Bright neon-green cards are piled on the counter near the cash register urging Perez and other customers to speak out against proposals to raise cigarette taxes in Minnesota by between 94 cents and $1.60 per pack.

If the tax is raised, Perez is pretty sure he and most other smokers will end up paying it.

"Yeah, I don't think people are going to quit smoking," Perez said. "I mean, everyone's been smoking for years. I'm not going to quit, regardless."

Deb Evans of Little Canada
Deb Evans, 44, of Little Canada, Minn., is upset about the prospect of paying more for cigarettes.
MPR Photo/Mark Zdechlik

Deb Evans, 44, from Little Canada, is also upset about the prospect of paying more for cigarettes. "I'm not happy. It's already taxed to the max," Evans said.

She's trying to quit but she's addicted, and it's unfair to force smokers to pay more, Evans said. "Richer people than I am often don't smoke and they can afford gym memberships, and they can do all kinds of things," Evans said. "We can't. That's the bottom line."

Dayton buys that argument. Until recently he had opposed increasing tobacco taxes. But health benefits outweigh the burden on poor people, he said.

"I believe we want to make taxes fairer not more regressive but it serves other purposes," Dayton said.

"Yeah, I don't think people are going to quit smoking... I mean, everyone's been smoking for years. I'm not going to quit, regardless."

Under the governor's proposal, increasing cigarette taxes by 94 cents per pack raising an additional $365 million for the state budget over two years.

The increase is not about money, but instead about decreasing tobacco use, especially among young people, said Dr. Edward Ehlinger, state health commissioner.

"Other than totally banning tobacco as a product in the United States, the most effective way of decreasing use is by raising the price," Ehlinger said.

In 2009, US smokers were hit with a federal tobacco tax increase of 62 cents per pack. That came on top of Minnesota's health impact fee of 75 cents per pack, which started in the summer of 2005. Based on fallout from the previous tax hikes, Ehlinger estimates that if Dayton's proposed increase becomes law, 25,000 young people will opt not to start smoking and that about 2 percent of adult smokers will quit.

Ehlinger said the real budget impact of making cigarettes more expensive will come years down the road in the form of lower health care costs.

"We want people to start quitting and we also want to keep people from starting to smoke," Ehlinger said. "The impact of this on the health of the state will have a huge economic benefit that far outweighs the income that we're going to get from the taxes."

Cigarette taxes
A bright neon-green urges customers to speak out against proposals to raise cigarette taxes in Minnesota by between $.94 cents and $1.60 per pack.
MPR Photo/Mark Zdechlik

David Sutton, a spokesman for Phillip Morris' parent company, Altria, said Minnesota smokers already pay more than their fair share of taxes. He said dramatic increases could put cigarette tax collections in jeopardy.

"When large increases like Minnesota's that's being proposed comes into effect, it comes with a whole host of problems," Sutton said.
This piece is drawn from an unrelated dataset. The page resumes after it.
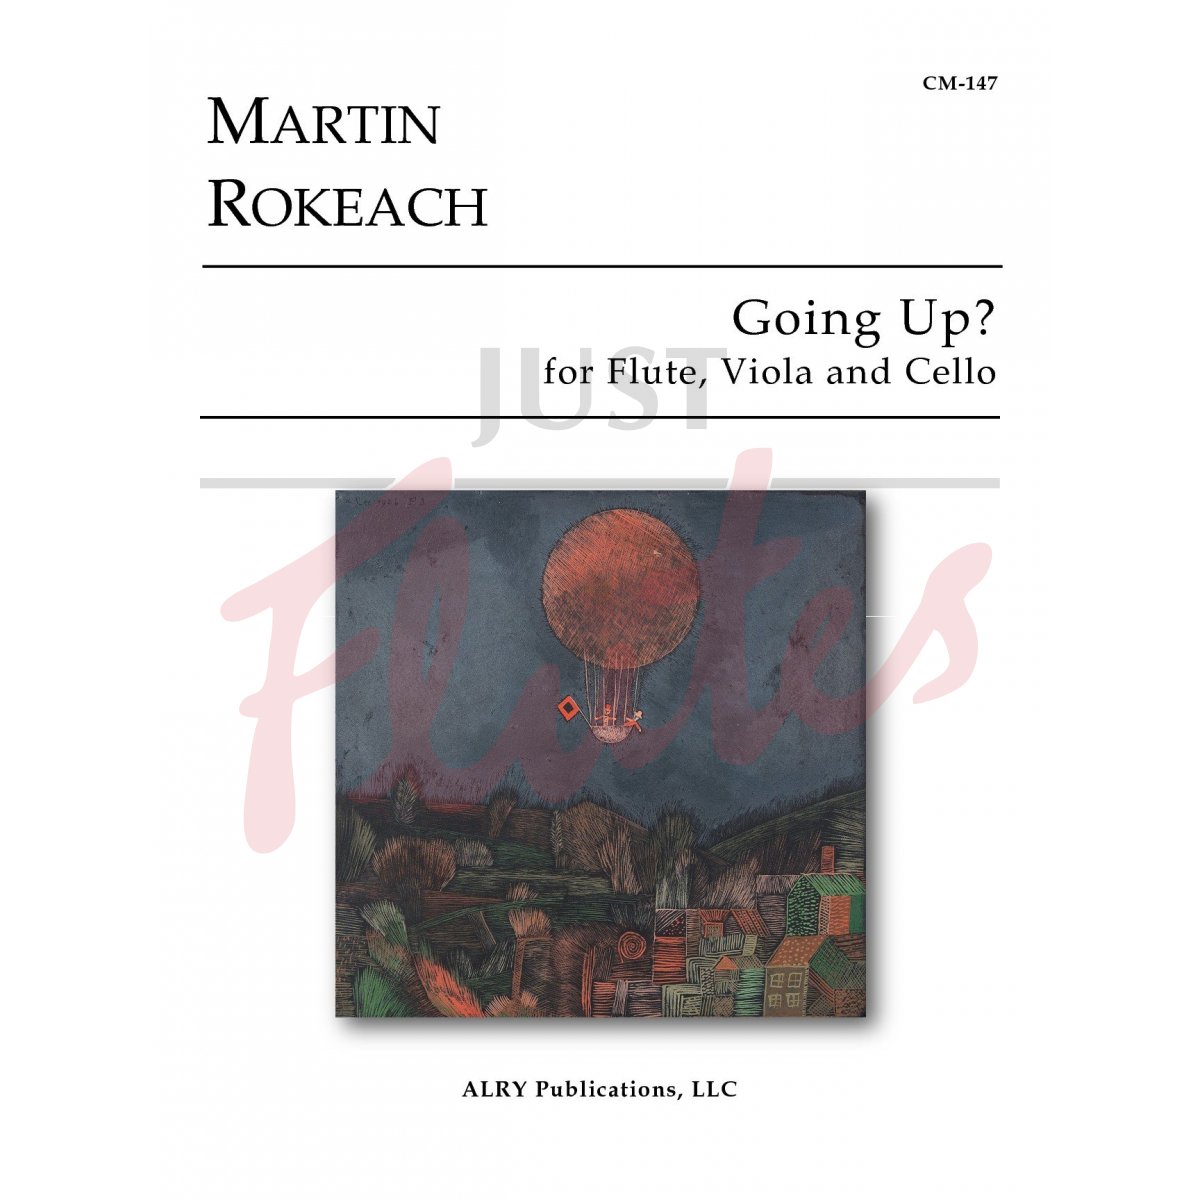 Going Up? for Flute, Viola and Cello
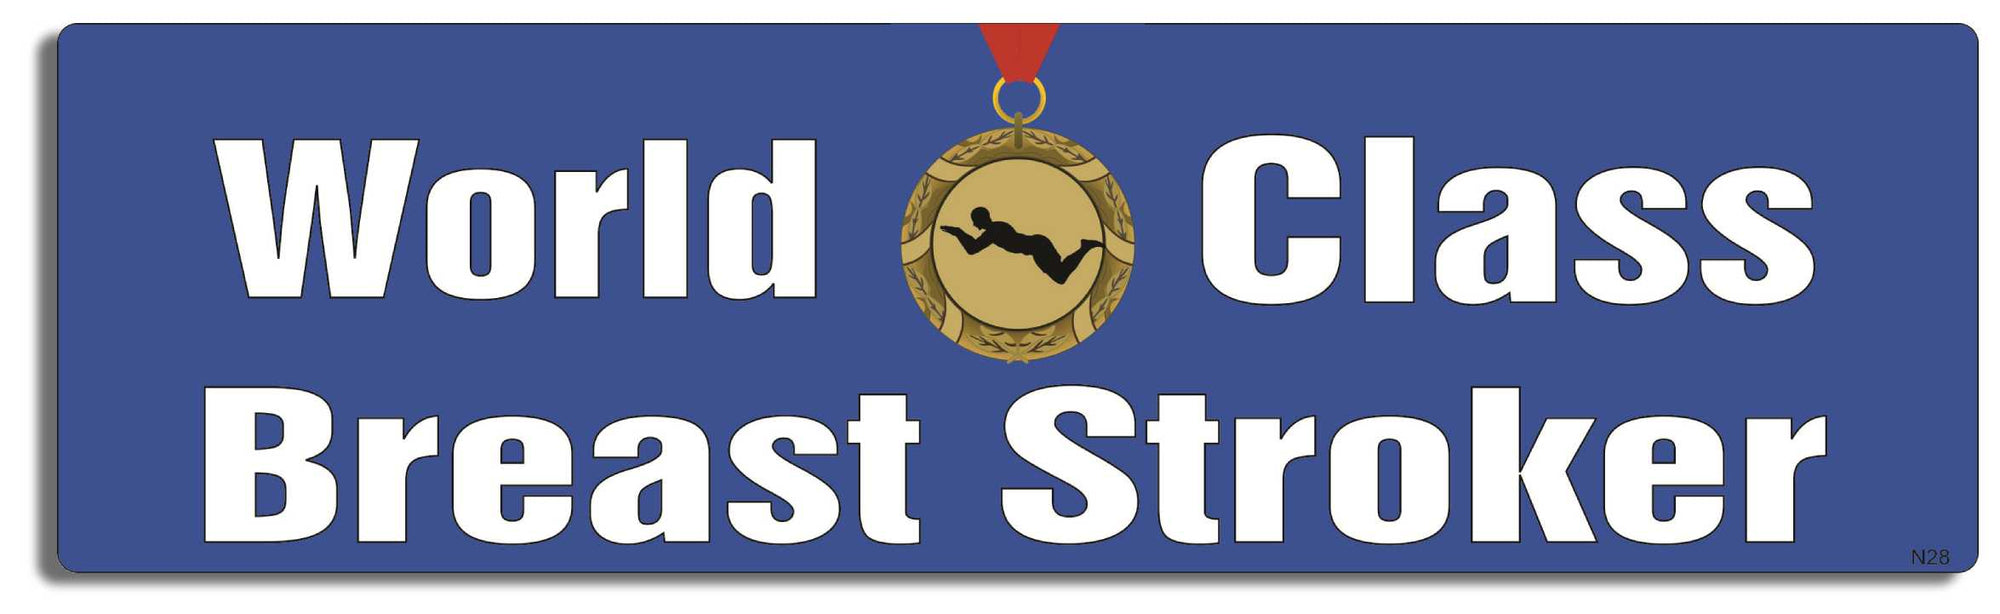 World Class Breast Stroker - 3" x 10" -  Decal Car Car Magnet-dirty Bumper Sticker Car Magnet World Class Breast Stroker-  Decal for carsadult, funny, funny quote, funny saying, naughty

Not the least of which, he said, could be the smuggling of less expensive cigarettes into Minnesota from neighboring states.

"And a lot of times this is organized crime, and sometimes it's crime syndicates and other times its even more significant types of terrorist-related crime," Sutton said.

A spokeswoman for the governor said Dayton believes making cigarettes more expensive will reduce smoking without increasing crime.

Cigarettes in Minnesota currently cost much less than in Wisconsin. Dayton's proposal would push up the price of a pack to a penny more than the Badger state. Cigarettes would cost significantly less than in the Dakotas and Iowa.